Merging and rebasing accomplish similar goals, but go about them in different ways. Both help manage working with branches and collaborating with multiple people, but they’re not interchangeable, and rebasing can be harmful if not done properly.
What’s The Deal With Rebasing?
Rebasing is very complicated, so it’s important to understand how git works under the hood if we’re going to make any sense of it.
Git stores your code as a series of edits. You can think of this like a chain, working backwards. Each edit, or “commit,” references the ID of the previous commit and includes what changed from the previous commit. This chain is only stored on your computer; your Git client doesn’t talk to any other Git clients unless it’s performing a fetch or push (pull is really just fetch + merge with your local branch), and even then, it’s only talking to a shared remote repository.

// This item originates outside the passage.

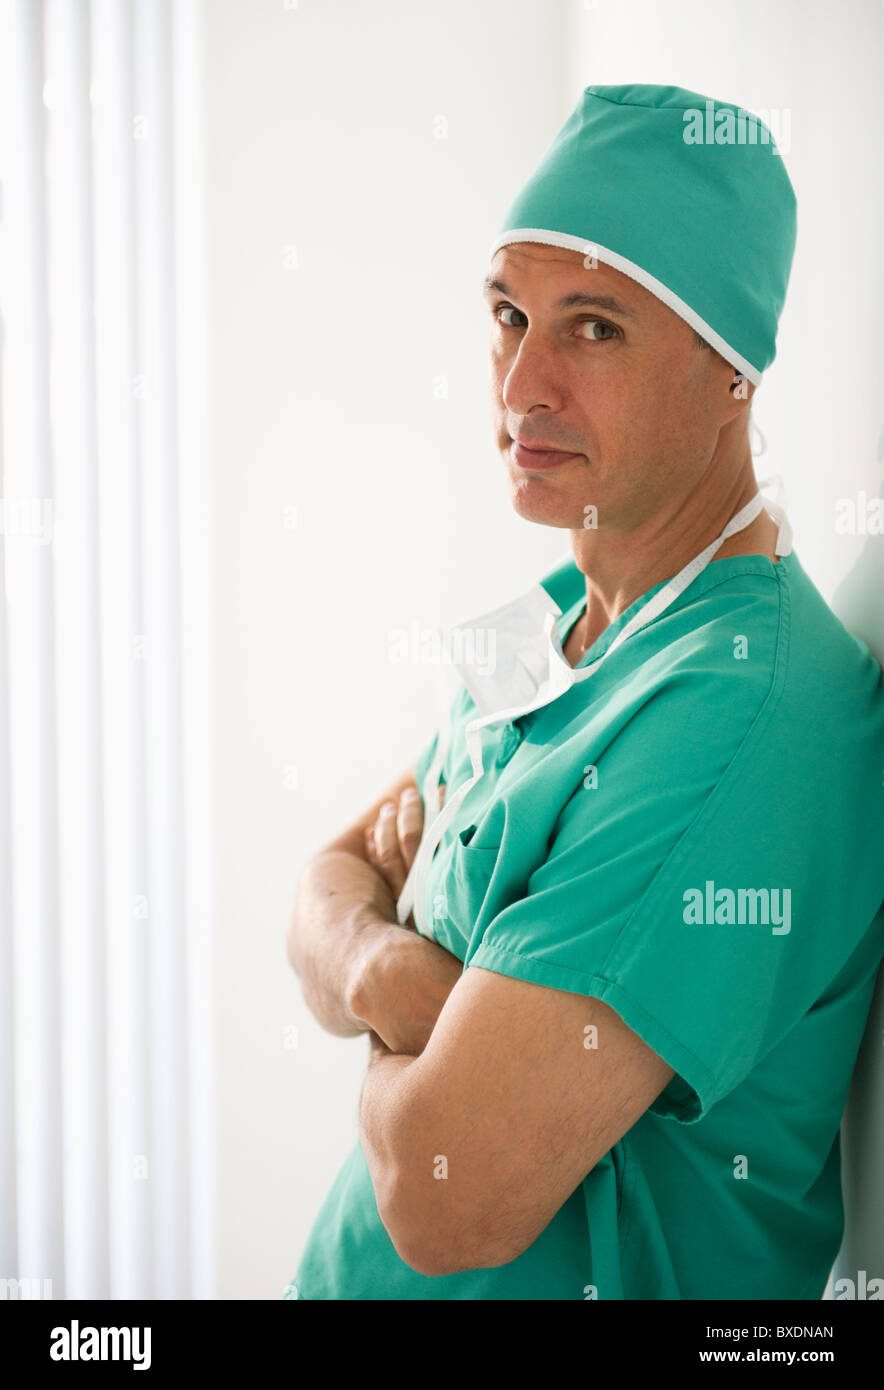 Surgeon wearing medical scrubs Stock Photo

Branches are more complicated. Git only stores one thing when dealing with branches: the ID of the commit at the end of the branch. In this way, you can think of them like the playhead on a record player; you put the branch head at a specific position, and it works its way back through the chain, “playing” your code and arriving at a final version. Whenever you commit, your local git client will automatically move the playhead forward to the new commit.
If you wanted to merge feature into master, you would run:
This creates a new merge commit, and if there are any conflicts, you’ll have to solve them manually. The git merge command moves the master playhead to the new merge commit, and deletes the feature playhead, as it’s no longer necessary.
This method of merging code presents three problems:
There may be changes on the master branch that the feature branch would like to include, particularly if feature is taking a while to develop. Being forced to go through the merge process every time you want to work with branches is annoying. The commit history is messy, though this is largely an aesthetic problem.
Rebasing tries to solve these issues, to varying degrees of success. Rebasing changes where you started your branch. The whole branch is lifted up, and transported to the end of the current master branch, where it connects to the end. The master branch is left untouched, and is free to continue receiving commits.
The commits aren’t actually moved, however, since commits are immutable. Rather, they’re copied, which results in new commit IDs. The previous commits are left stranded, hiding in your Git files but never to be seen again, since the playhead has moved somewhere else.
To execute this process from the command line, you would run:
This opens the branch, pulls the current changes to master, and then rebases the feature branch onto the master branch.
At this point, the code in the feature branch is now more up to date, which is the only real feature of git rebase. Rebasing does not merge branches, since it does not create any merge commits or move master’s playhead.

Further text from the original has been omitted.